Personal Wealth Management / Politics
Few Surprises: Leaks and Trial Balloons Mute the Market Effects of Britain’s Tax Shifts
When digesting tax changs, remember how markets work.
Editors’ Note: MarketMinder is politically agnostic. We prefer no party nor any politician and assess developments for their economic and market implications only.
At last, the UK Budget is out. Chancellor of the Exchequer Rachel Reeves has opened her red briefcase, unveiled its contents and ended the prolonged uncertainty over what, exactly is in it.
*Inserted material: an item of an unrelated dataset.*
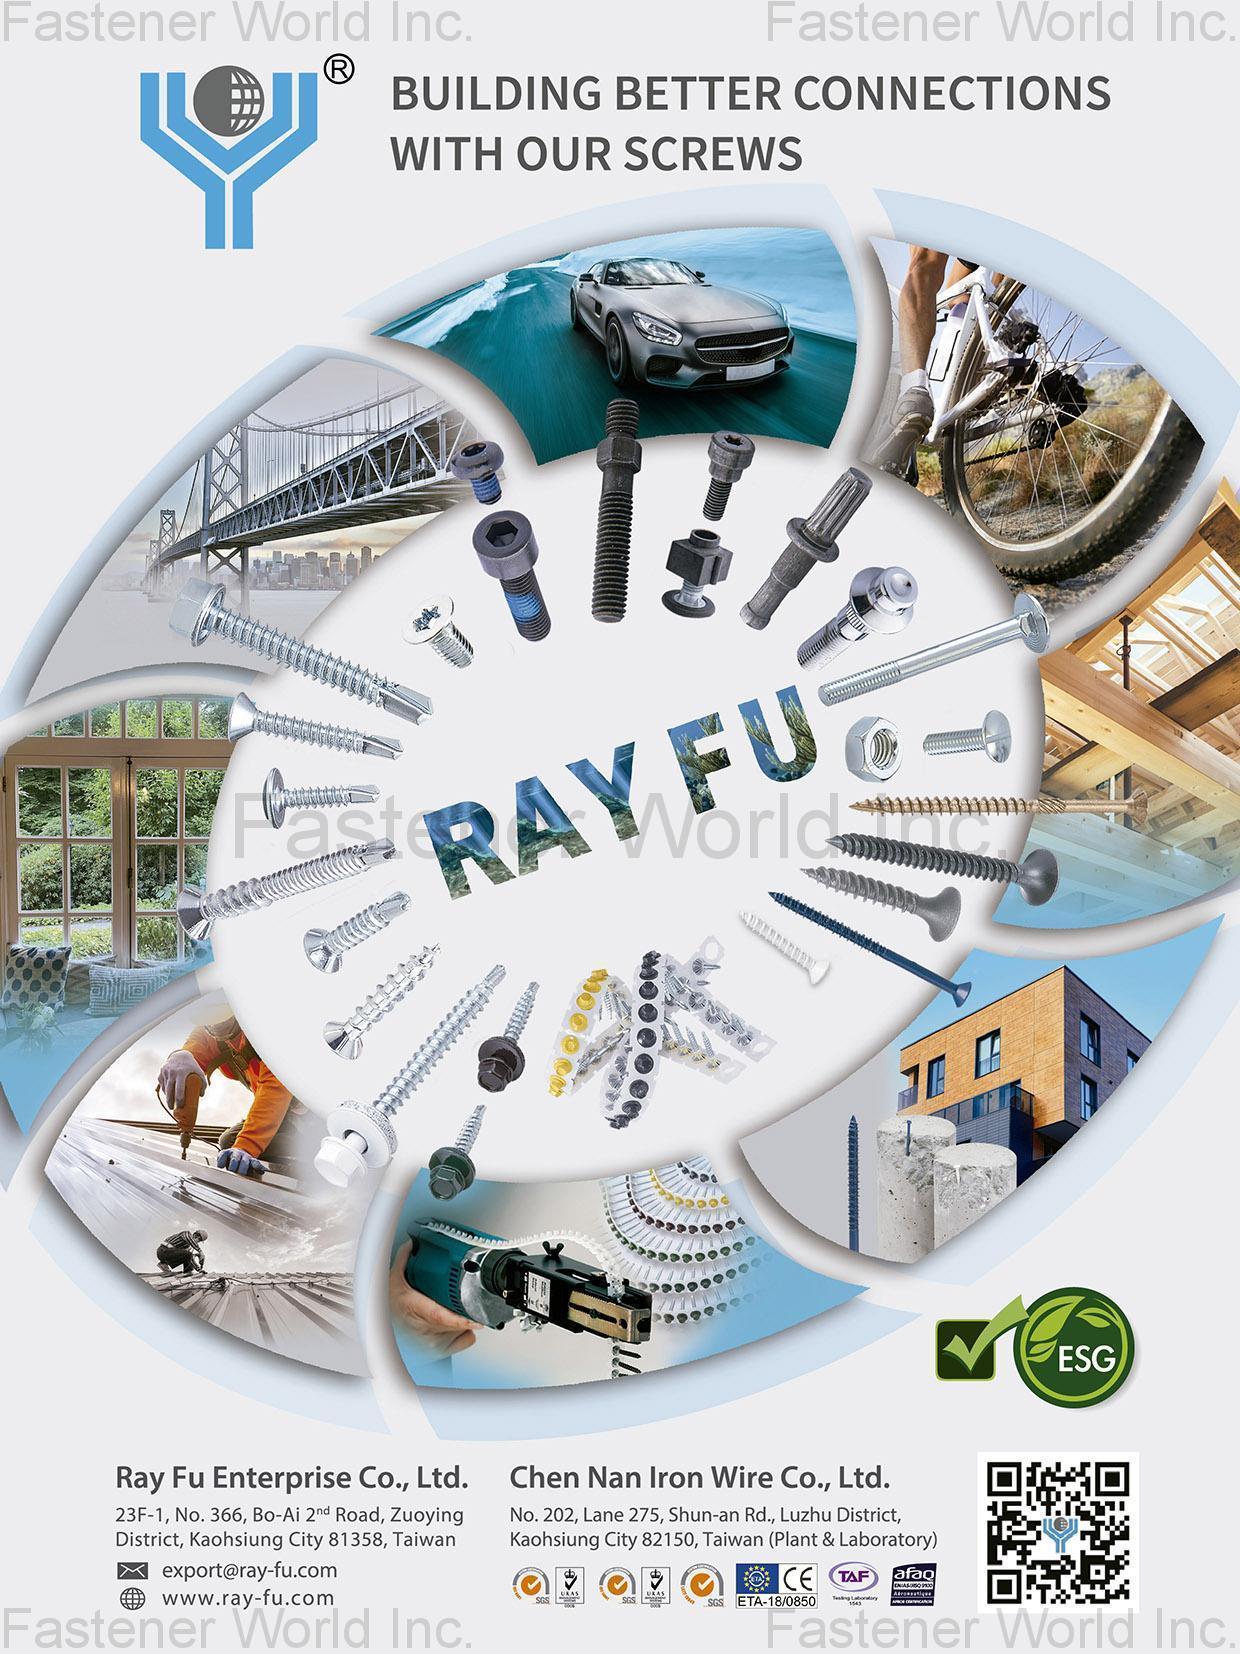 RAY FU ENTERPRISE CO., LTD. , Construction Screws, Automotive Parts, Special Fasteners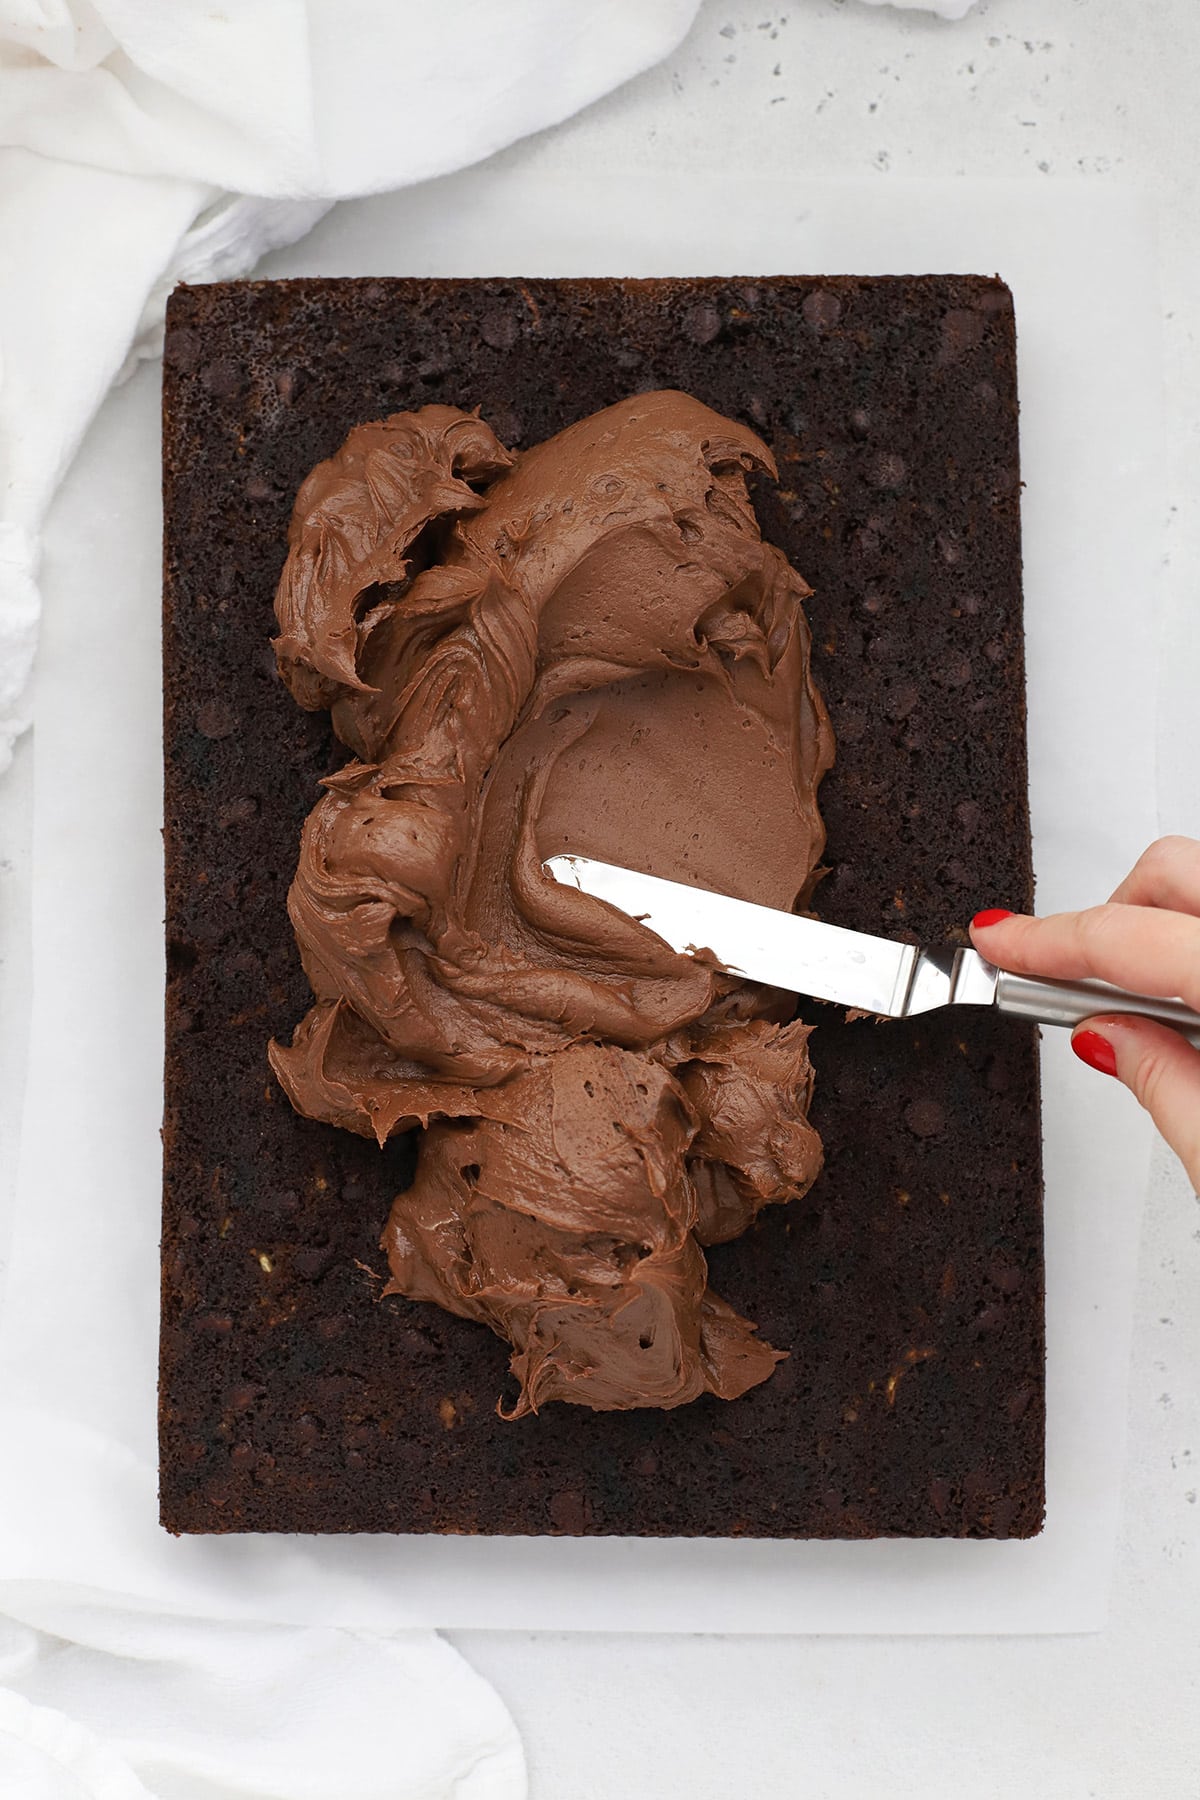 spreading chocolate buttercream frosting onto gluten-free chocolate zucchini cake

Opening it revealed a lot, a hodge podge of stealth and non-stealth tax hikes, plus some modest relief that didn’t get nearly as much attention. Surveying headlines from publications that lean left and right, the reaction is universally negative, yet the FTSE 100 finished the day up nicely.[i] That doesn’t mean this Budget is some whopping positive, but it is preliminary evidence months’ of leaks—capped off by the Office for Budget Responsibility’s (OBR’s) releasing its analysis of the Budget pre-speech—sapped the negative surprise power.
As all the coverage points out, this Budget does raise the UK’s tax burden to the tune of £26 billion by fiscal 2029 – 2030. This figure isn’t arbitrary: The UK’s fiscal rules require the government to run a projected budget surplus within five years, based on the OBR’s forecasts. So every year, as forecasts evolve, governments from both parties tweak taxes and spending to keep five-year projections in check.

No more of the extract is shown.